Now the question is: What are the operators lying in $K_{0}(X,Y)$ ?
This is really difficult and I'll outline the closest I know to an answer to that.
As a first observation note that the compact operators $K(X,Y) \subset L(X,Y)$ are a closed subspace of $L(X,Y)$ containing $X^{\ast} \otimes_{\varepsilon} Y = K_{0}(X,Y)$. Looking at the examples of Hilbert spaces or the classical Banach spaces one finds out that quite often $K(X,Y) = K_{0}(X,Y)$ holds. However, it may fail in general, and that's where the famous Approximation Property comes in. I'll refrain from delving into the numerous equivalent formulations and use it as a black box. We have the following theorem due to Grothendieck:
Theorem. The Banach space $X^{\ast}$ has the approximation property if and only if $K_{0}(X,Y) = K(X,Y)$ holds for all Banach spaces $Y$.
Edit 2: (in response to a comment of the OP) It follows that for a reflexive Banach space $X$ with the approximation property we have $K(X,Y) = X^{\ast} \otimes_{\varepsilon} Y$ for all Banach spaces $Y$.
Now most of the Banach spaces you'll run into have the approximation property, e.g. $L^{p}$, $C(X)$ and so on. However, P. Enflo (in a veritable tour de force) has shown that there exist Banach spaces failing the approximation property. An explicit example (identified by Szankowski) is the space $L(H,H)$ of a separable Hilbert space. Note that this space is the dual space of the trace class operators. A famously open question is whether the space $H^{\infty}(D)$ of bounded holomorphic functions on the open unit disk has the approximation property.
I hope this answers your question. The approximation property is discussed in detail in any book that treats the tensor products of Banach spaces. In particular, this is well treated in Ryan's book.
The Hilbert tensor product is in general not equal to the projective tensor product:
If $H$ is a Hilbert space and $H^*$ its dual space,
then
- $H \hat \otimes_\pi H^*$ (the projective tensor product) is (isometrically isomorphic to)
the trace class (nuclear) operators with the trace norm
- $H \hat \otimes_\epsilon H^*$ (the injective tensor product) is (isometrically isomorphic to)
the compact operators with the operator norm
- $H \hat \otimes_h H^*$ (the Hilbert tensor product, which is a Hilbert space again) is (isometrically isomorphic to) the Hilbert-Schmidt operators with the Hilbert-Schmidt norm
Since the spaces of Hilbert-Schmidt, compact and trace class operators are, in infinite dimensions, never the same it follows that the tensor norms can not be the same either.
To show that they are never the same in infinite dimensions:
Let $(e_n)_{n \in \mathbb{N}}$ be an orthonormal system in $H$.
Let $(x_n)_{n \in \mathbb{N}}$ be any sequence of complex numbers that converges to 0, but whose absolute value is not square summable.
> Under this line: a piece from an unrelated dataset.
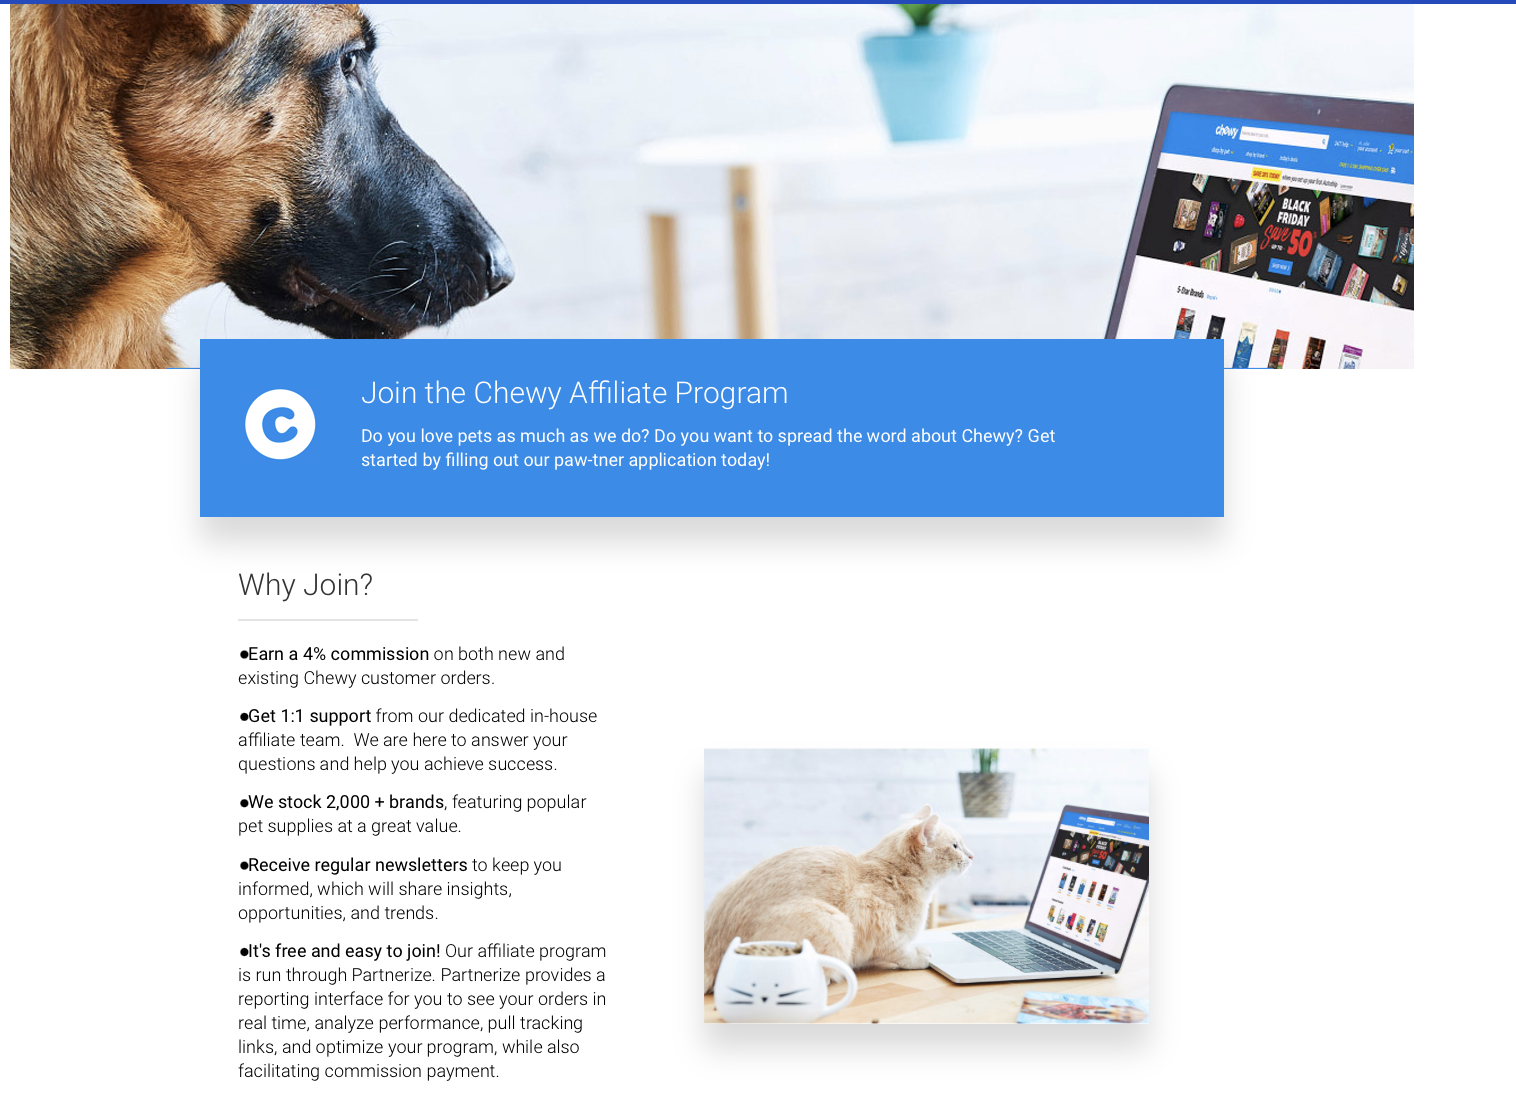 Pet affiliate program landing page for the Chewy brand.

For example $x_n =1/\sqrt{n}$.
Define a linear operator $T: H\to H$ by $Ty = \sum_{n \in \mathbb{N}} x_n \langle e_n, y \rangle e_n$. Then $T$ is compact, but not Hilbert-Schmidt.
Let $(s_n)_{n \in \mathbb{N}}$ be any sequence of complex numbers whose absolute value is square summable, but not summable.
For example $s_n := 1/n$.
Define a linear operator $S : H \to H$ by $Sy = \sum_{n \in \mathbb{N}} s_n \langle e_n, y \rangle e_n$. Then $S$ is Hilbert-Schmidt, but not trace class.
Best Answer
Intuitively, this requirement ensures that V $\otimes$ W, combined with the norm $\|v \otimes w\|_{V \otimes W}$, is a Banach space, as long as V and W are finite-dimensional.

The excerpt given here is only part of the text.